Online Program

Return to main conference page

All Times EDT

, -
Virtual
Contributed Presentations

Pan-Cancer Identification of Clinically Relevant Genomic Subtypes Using Outcome-Weighted Integrative Clustering (309847)

*Arshi Arora, Memorial Sloan Kettering Cancer Center 

Keywords: supervised clustering, integrative clustering, patient survival, pan-cancer, prognostic stratification

Molecular phenotypes of cancer are complex and influenced by a multitude of factors. Conventional unsupervised clustering of heterogeneous cancer patient populations is inevitably driven by the dominant variation from major factors such as cell-of-origin or histology and may or may not be associated with clinical outcome of interest like survival time. Such a canonical clustering approach leads to meaningful clusters when, by chance, the major molecular patterns are also correlated with clinical outcomes of interest. When this is not the case a more targeted approach requiring effective extraction of information directly associated with patient outcome and localized molecular signature is essential.

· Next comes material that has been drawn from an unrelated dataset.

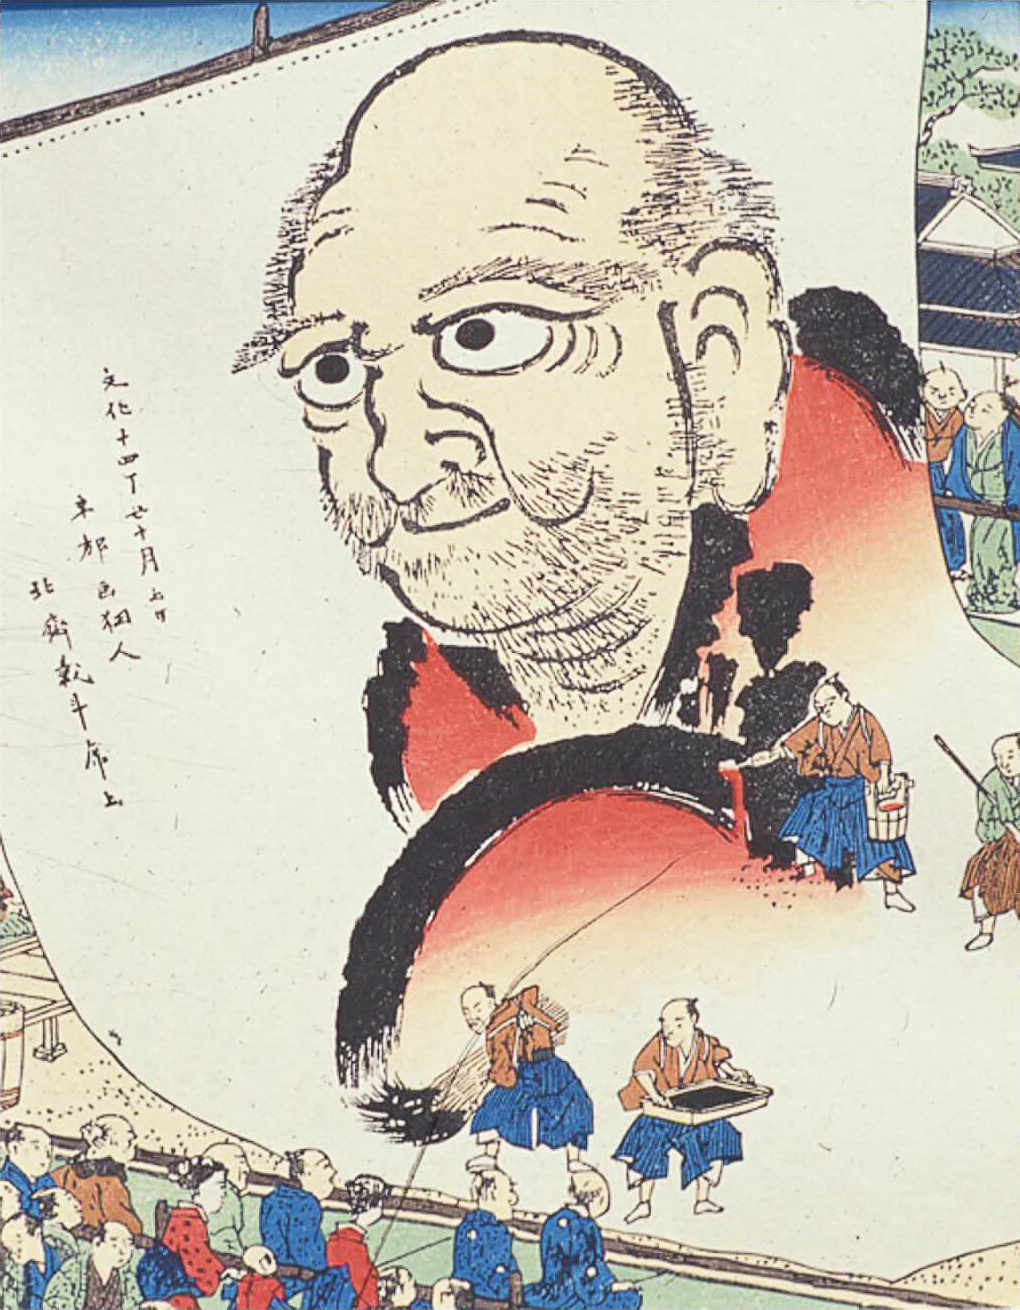 images/Hokusai_Daruma.jpg

We propose survClust, an outcome-weighted statistical learning algorithm for integrative molecular stratification focusing on patient survival. The algorithm learns a weighted distance matrix from each molecular data type that consists of a vector of regression effect sizes as weights of the outcome. To facilitate integration, the weighted distance matrices are averaged after standardization, summarizing intratumor and inter-patient heterogeneity. Multidimensional scaling (MDS) is then used to map the subjects into an n-dimensional space that preserves between-subject distances for clustering. Results are cross-validated and final supervised clustered class labels are provided carrying prognostic relevance.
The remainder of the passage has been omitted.